Issue with Parallel GPU Computing

Question

Issue with Parallel GPU Computing

shantanudev opened this issue 8 years ago · comments

Hi Sean,

I was wondering if you faced an issue where not all the GPUs are being utilized as evident in the output below. Also, it will not allow me to enter a larger batch even though I have more GPUs.

+------------------------------------------------------+
| NVIDIA-SMI 352.99 Driver Version: 352.99 |
|-------------------------------+----------------------+----------------------+
| GPU Name Persistence-M| Bus-Id Disp.A | Volatile Uncorr.
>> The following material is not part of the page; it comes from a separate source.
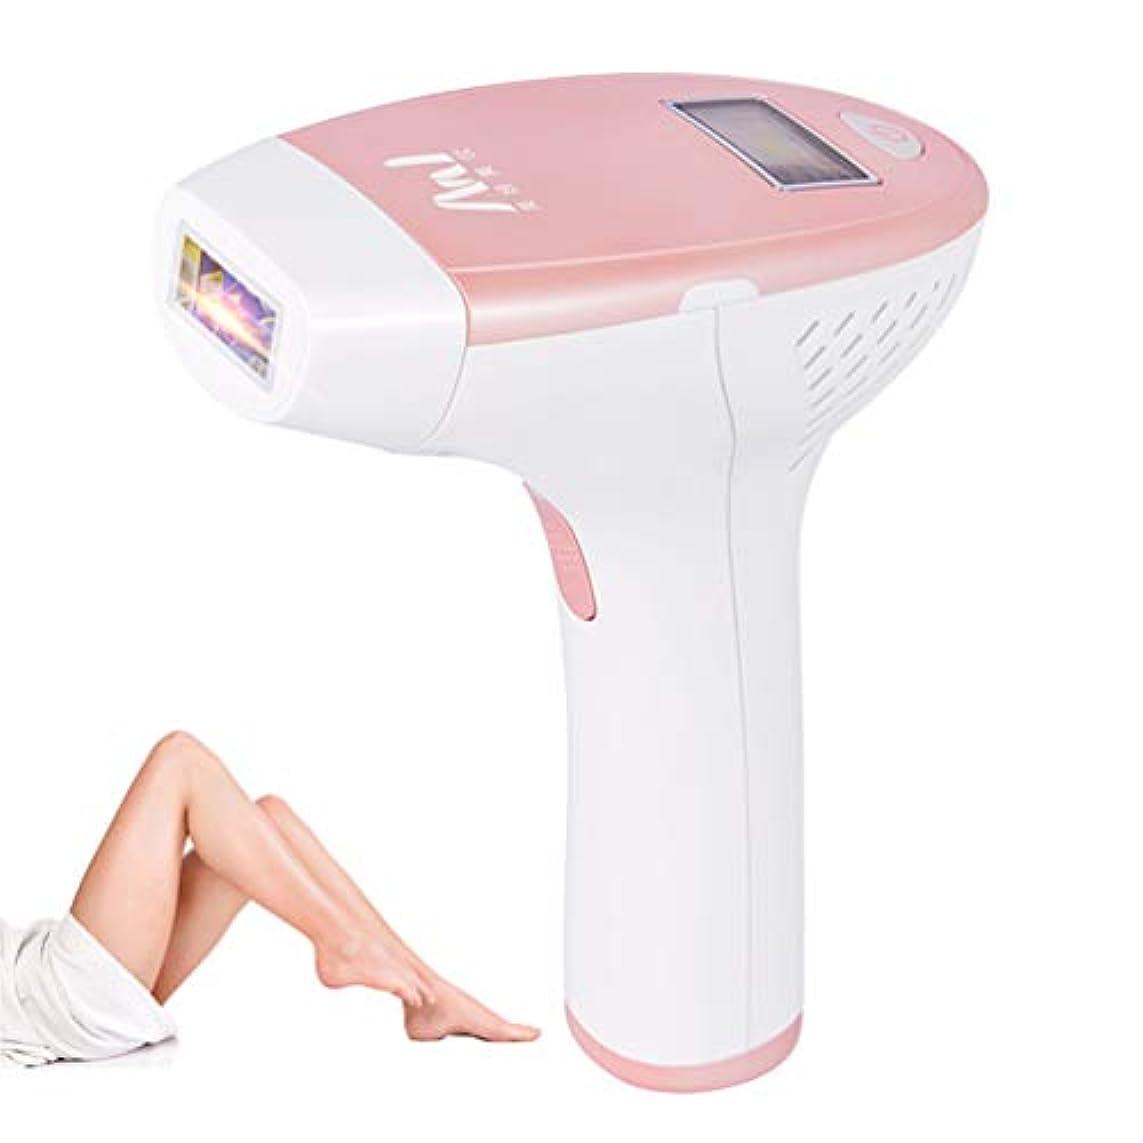 ルーフタバコスライス女性の男性の体の顔とビキニ脇の下にレーザー痛みのない永久的な美容デバイスの脱毛システムレーザー脱毛装置
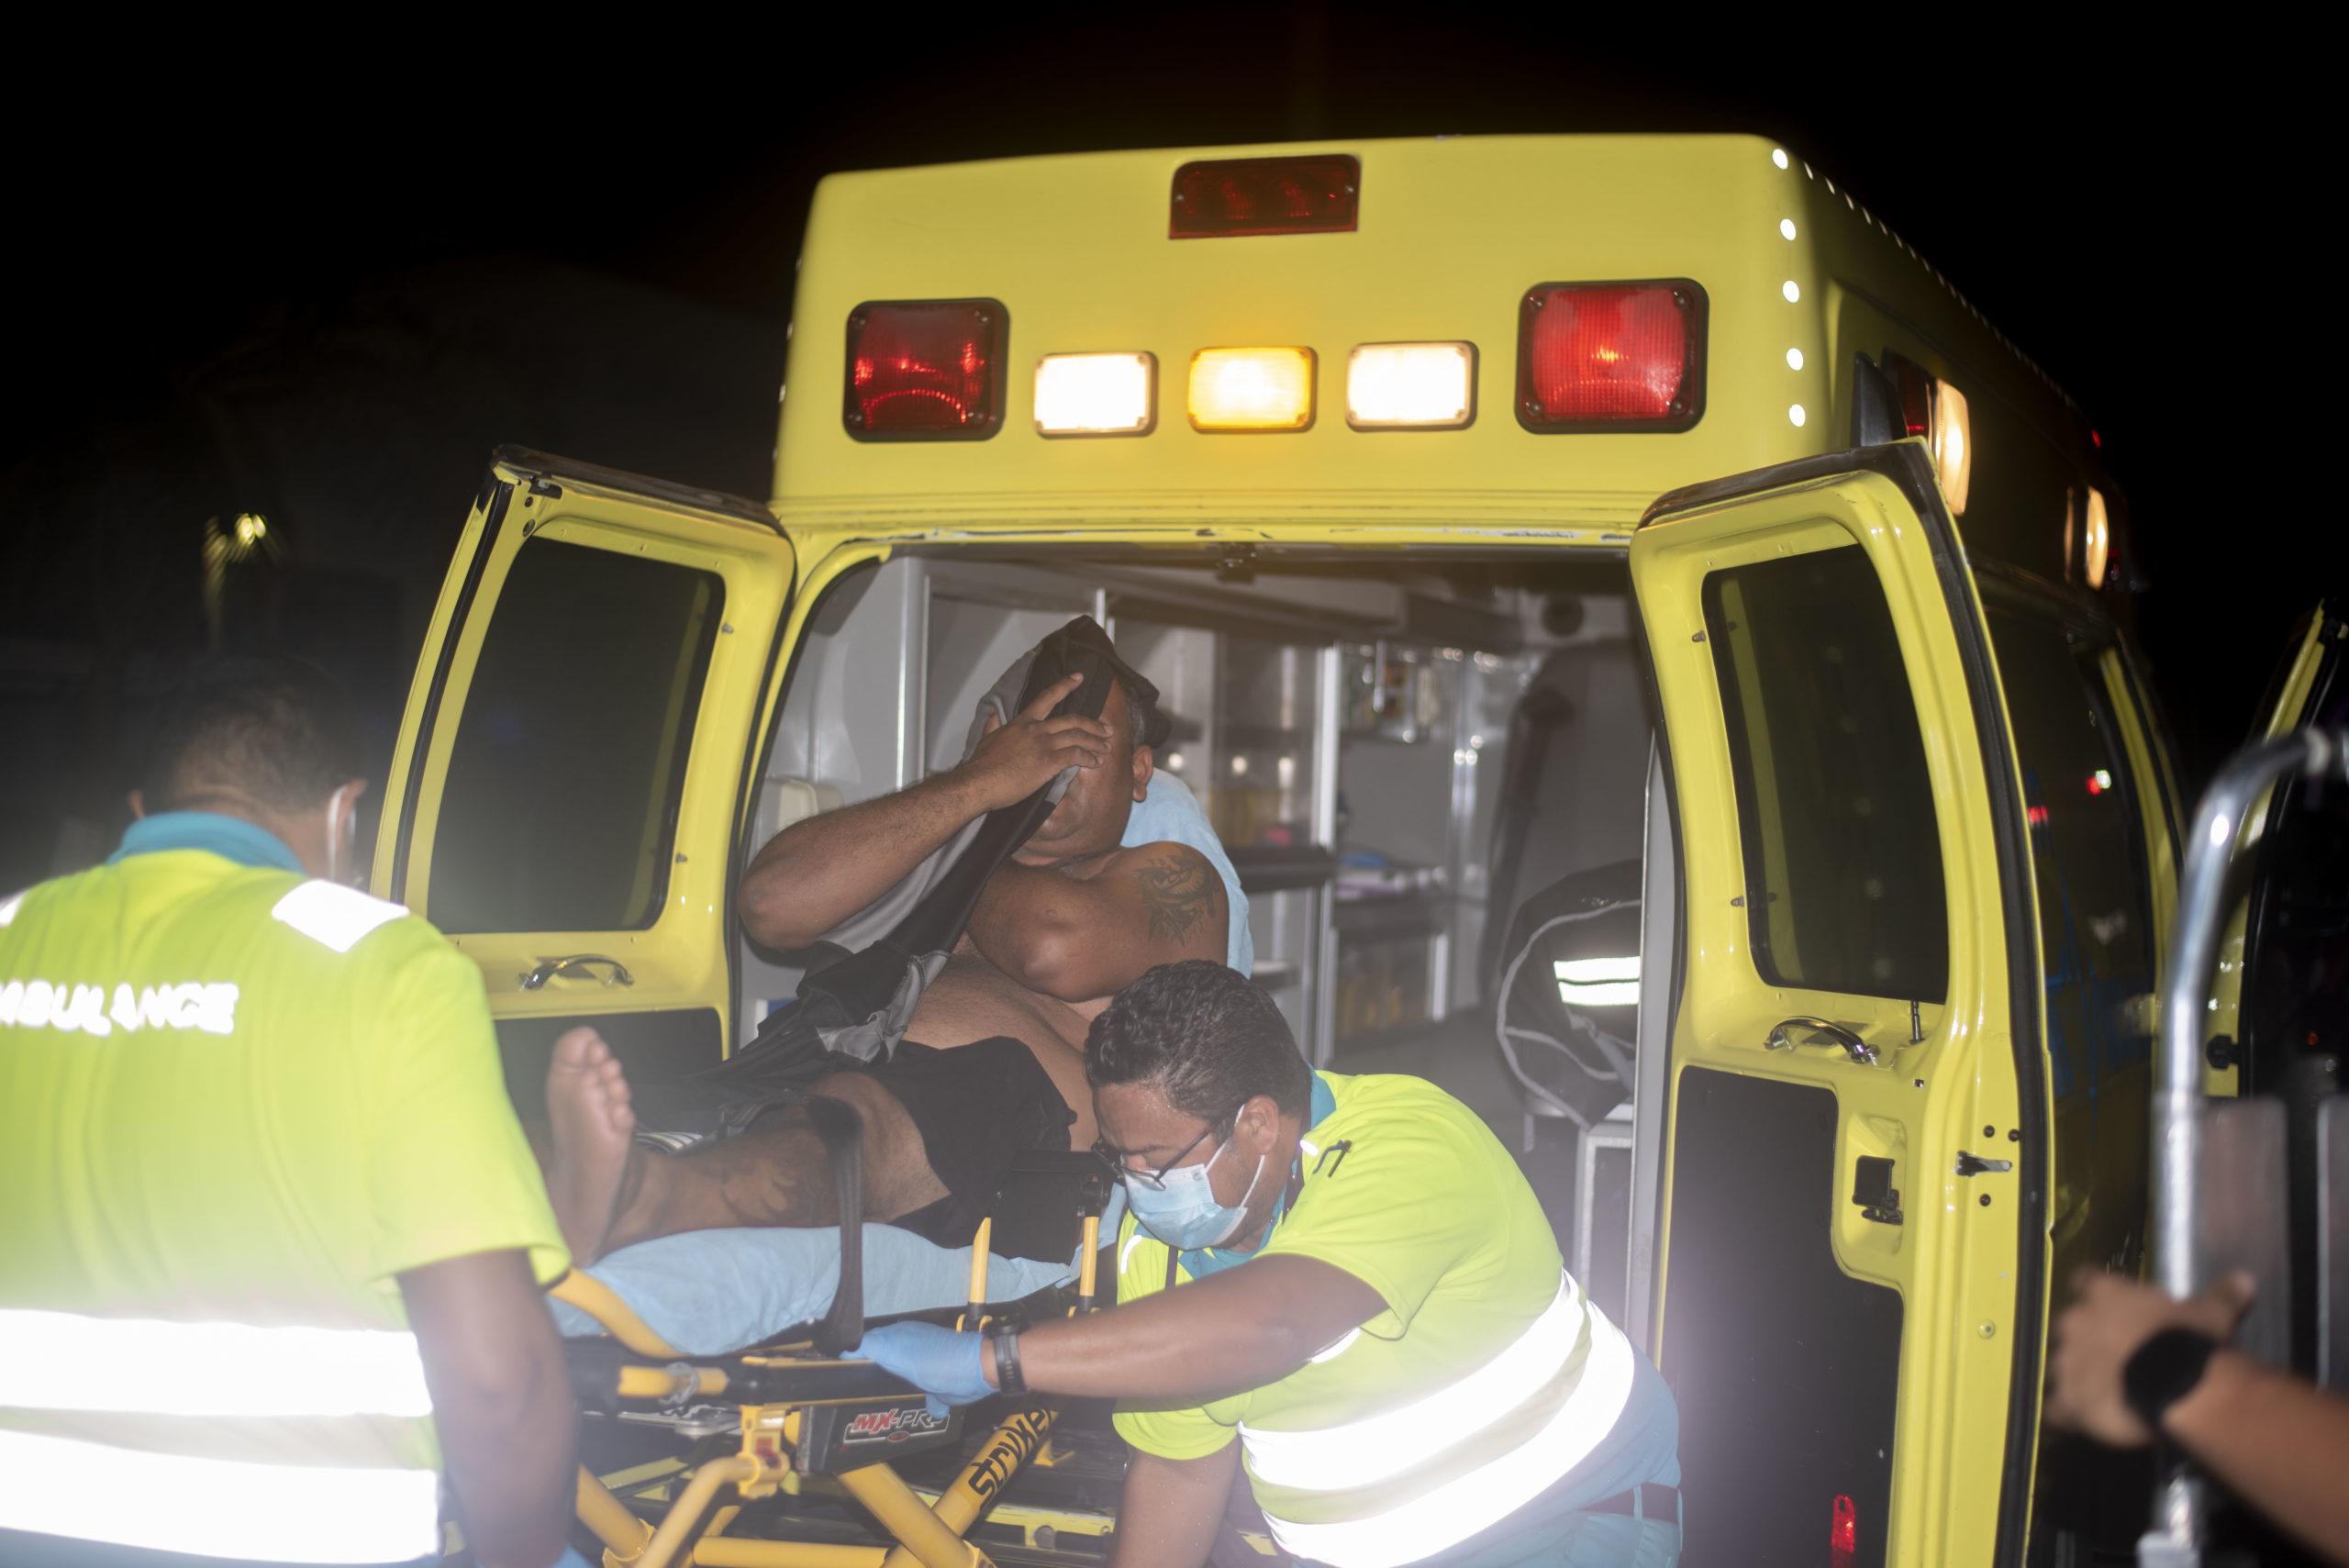 Ambulance a scapa chauffeur di bay cera

ECC |
| Fan Temp Perf Pwr:Usage/Cap| Memory-Usage | GPU-Util Compute M. |
|===============================+======================+======================|
| 0 Tesla K80 Off | 0000:00:17.0 Off | 0 |
| N/A 82C P0 113W / 149W | 10815MiB / 11519MiB | 99% Default |
+-------------------------------+----------------------+----------------------+
| 1 Tesla K80 Off | 0000:00:18.0 Off | 0 |
| N/A 47C P0 73W / 149W | 208MiB / 11519MiB | 0% Default |
+-------------------------------+----------------------+----------------------+
| 2 Tesla K80 Off | 0000:00:19.0 Off | 0 |
| N/A 61C P0 57W / 149W | 208MiB / 11519MiB | 0% Default |
+-------------------------------+----------------------+----------------------+
| 3 Tesla K80 Off | 0000:00:1A.0 Off | 0 |
| N/A 51C P0 71W / 149W | 208MiB / 11519MiB | 0% Default |
+-------------------------------+----------------------+----------------------+
| 4 Tesla K80 Off | 0000:00:1B.0 Off | 0 |
| N/A 63C P0 57W / 149W | 208MiB / 11519MiB | 0% Default |
+-------------------------------+----------------------+----------------------+
| 5 Tesla K80 Off | 0000:00:1C.0 Off | 0 |
| N/A 49C P0 70W / 149W | 208MiB / 11519MiB | 0% Default |
+-------------------------------+----------------------+----------------------+
| 6 Tesla K80 Off | 0000:00:1D.0 Off | 0 |
| N/A 64C P0 57W / 149W | 208MiB / 11519MiB | 0% Default |
+-------------------------------+----------------------+----------------------+
| 7 Tesla K80 Off | 0000:00:1E.0 Off | 0 |
| N/A 49C P0 71W / 149W | 208MiB / 11519MiB | 0% Default |
+-------------------------------+----------------------+----------------------+

+-----------------------------------------------------------------------------+
| Processes: GPU Memory |
| GPU PID Type Process name Usage |
|=============================================================================|
| 0 6318 C /home/ec2-user/src/torch/install/bin/luajit 10757MiB |
| 1 6318 C /home/ec2-user/src/torch/install/bin/luajit 149MiB |
| 2 6318 C /home/ec2-user/src/torch/install/bin/luajit 149MiB |
| 3 6318 C /home/ec2-user/src/torch/install/bin/luajit 149MiB |
| 4 6318 C /home/ec2-user/src/torch/install/bin/luajit 149MiB |
| 5 6318 C /home/ec2-user/src/torch/install/bin/luajit 149MiB |
| 6 6318 C /home/ec2-user/src/torch/install/bin/luajit 149MiB |
| 7 6318 C /home/ec2-user/src/torch/install/bin/luajit 149MiB |
+-----------------------------------------------------------------------------+

Sean Naren · Answer 1 · Fri Nov 18 2016 00:27:58 GMT+0800 (China Standard Time)

I haven't got a multi-GPU node to test this on, but have you set the -nGPU flag correctly like below?

th Train.lua -nGPU 8

Shantanu Dev · Answer 2 · Fri Nov 18 2016 00:45:14 GMT+0800 (China Standard Time)

@SeanNaren Yes, I have done this. Basically it limits me to a batch size of about 30 even though I have 8 GPUs.

Sean Naren · Answer 3 · Fri Nov 18 2016 01:06:45 GMT+0800 (China Standard Time)

I just ran this on our internal AWS K80 server and it worked fine:

It was already running something however all GPUs were used when I used th Train.lua -nGPU. Are you using the latest branch?

Shantanu Dev · Answer 4 · Fri Nov 18 2016 01:10:25 GMT+0800 (China Standard Time)

@SeanNaren Hmm, let me do some investigation on my end. I will let you know.